Desde finales del siglo XIX y comienzos del XX, el intervencionismo estadounidense desempeñó un papel clave, favoreciendo a las facciones oligárquicas más alineadas con sus intereses en cada coyuntura. Este contexto de intervención y exclusión social dio origen a movimientos populares y antiimperialistas previos a la llamada Guerra Fría. Posteriormente, con la Revolución Cubana, surgieron movimientos de liberación nacional como el FSLN en Nicaragua, el FMLN en El Salvador y la URNG en Guatemala, que optaron por la vía armada para combatir las dictaduras cívico-militares apoyadas por Estados Unidos. Con el triunfo de la Revolución Sandinista en Nicaragua y la llegada de Ronald Reagan al poder, el conflicto se intensificó y adquirió una dimensión regional.
Inspirado en el proceso de Contadora, promovido por países latinoamericanos, los países centroamericanos desarrollaron un esfuerzo propio por la paz, materializado en los Acuerdos de Esquipulas I y II. Estas negociaciones diplomáticas impulsaron un proceso gradual de desarme y democratización. Los acuerdos fomentaron la reconciliación, el cese de hostilidades, elecciones libres y el fin del apoyo a fuerzas irregulares. Como resultado, las guerrillas insurgentes se transformaron en partidos políticos legales, se desmovilizaron grupos paramilitares y revolucionarios, y se creó el Parlamento Centroamericano para fortalecer la democracia. Además, se acordaron medidas como el diálogo incondicional, el cese al fuego y la amnistía, junto con la desmovilización de la Contra en Nicaragua y una verificación internacional que incluyó apoyo a la recuperación regional.
Sin embargo, Estados Unidos se opuso a los Acuerdos de Esquipulas y promovió el Plan Reagan-Wright, que buscaba aislar a Nicaragua y establecía un alto al fuego y elecciones, pero sin desarmar a la Contra, financiada por el propio gobierno estadounidense. Este plan fue rechazado por los presidentes centroamericanos, marcando un punto de quiebre en la tradicional subordinación a Washington. Su rechazo era razonable, ya que el aislamiento de Nicaragua no contribuiría a resolver los conflictos internos de la región.

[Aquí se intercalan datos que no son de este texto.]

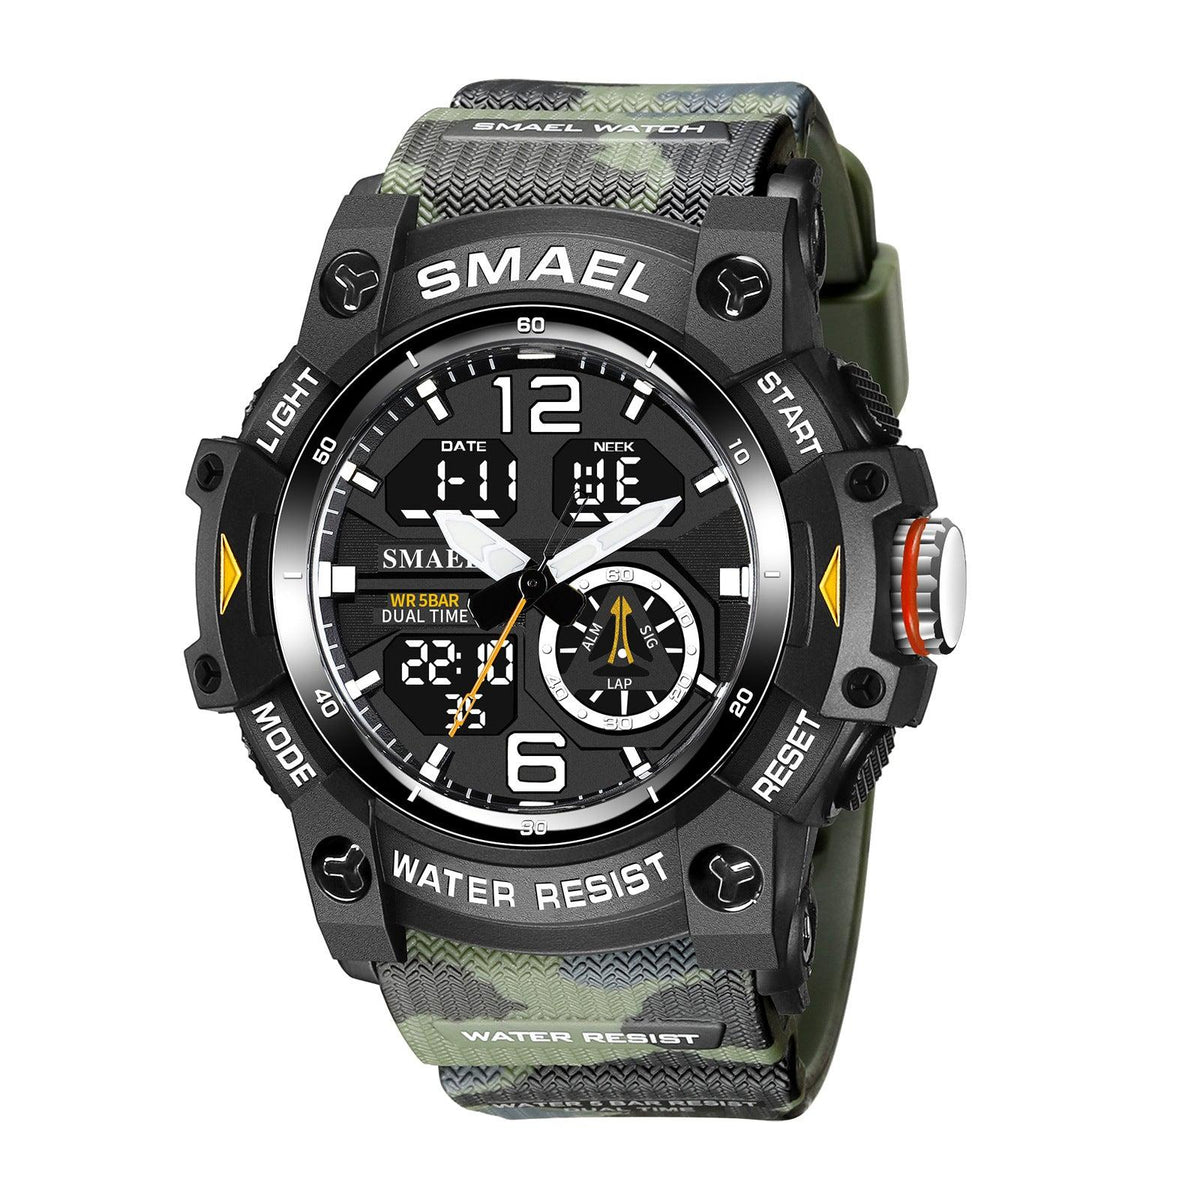 SMAEL Analog Digital Multifunctional Waterproof Watch For Men 8007
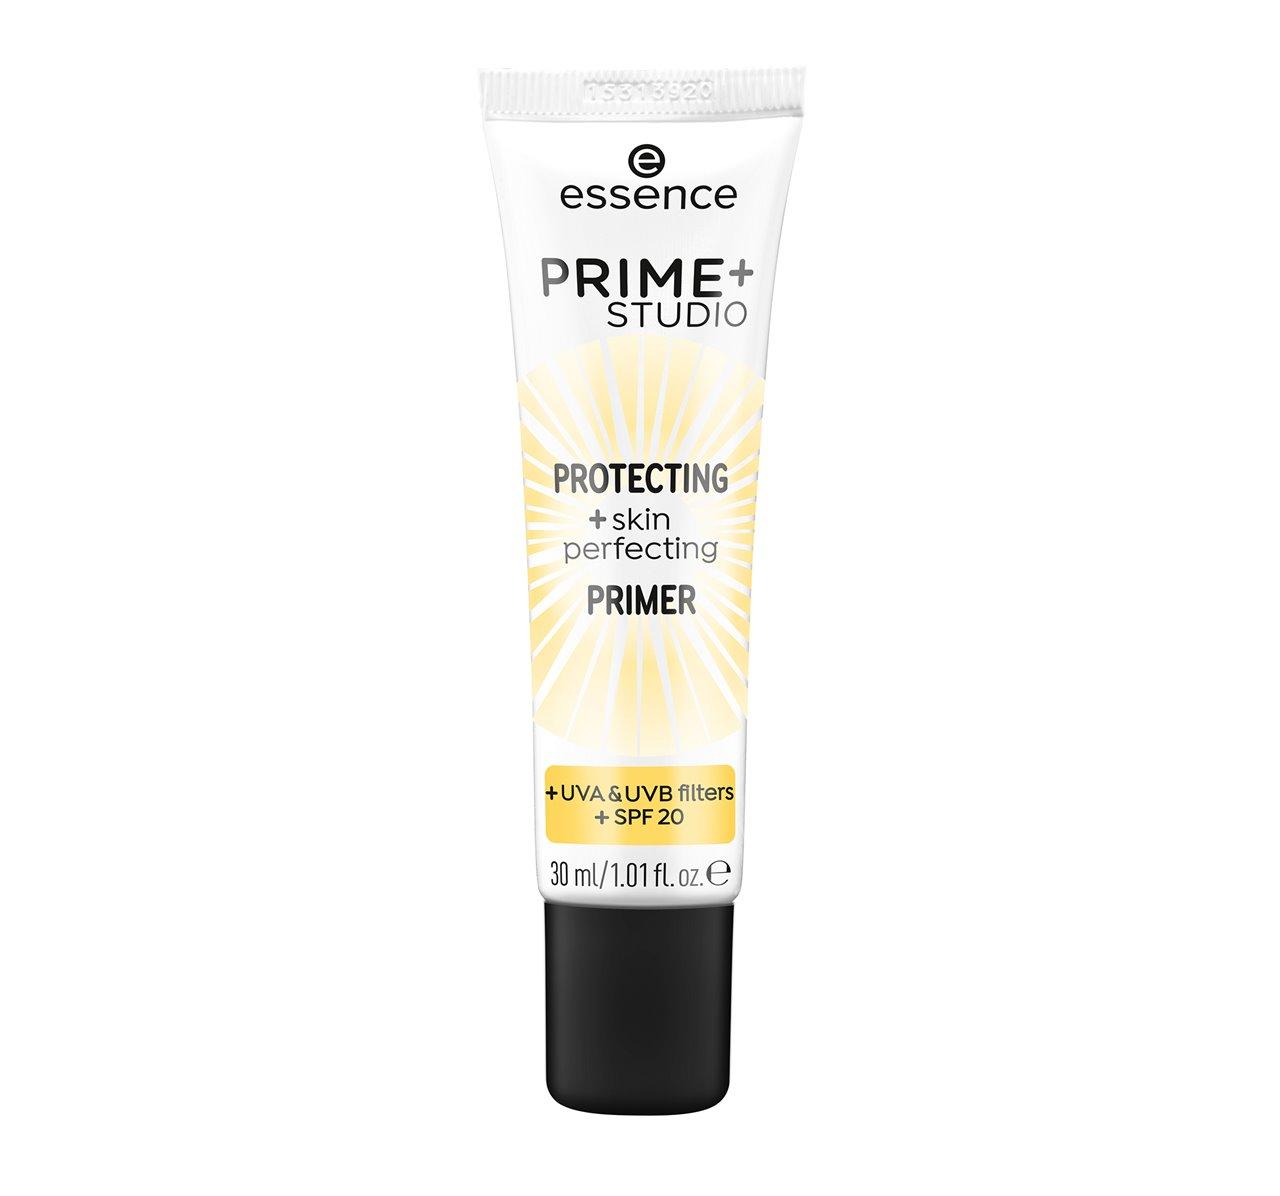 Prime + Studio Protecting + Skin Perfecting Primer

El fin del conflicto armado no supuso que se hicieran realidad los cambios estructurales prometidos en los acuerdos. La región sigue enfrentando crisis sociales, económicas, ecológicas, políticas y culturales
Los acuerdos de Esquipulas sentaron las bases para procesos de paz diferenciados en cada país. En Nicaragua, incluyeron acuerdos entre el gobierno sandinista y MISURA en 1985, así como pactos con la Resistencia Nicaragüense y partidos opositores en 1988. También reconocieron constitucionalmente los derechos de los pueblos indígenas, consolidaron las autonomías regionales y llevaron al Acuerdo de Sapoá en 1988 y los Acuerdos de Tela en 1989, culminando con el Acuerdo de Toncontín en 1990, que desmovilizó a la Contra.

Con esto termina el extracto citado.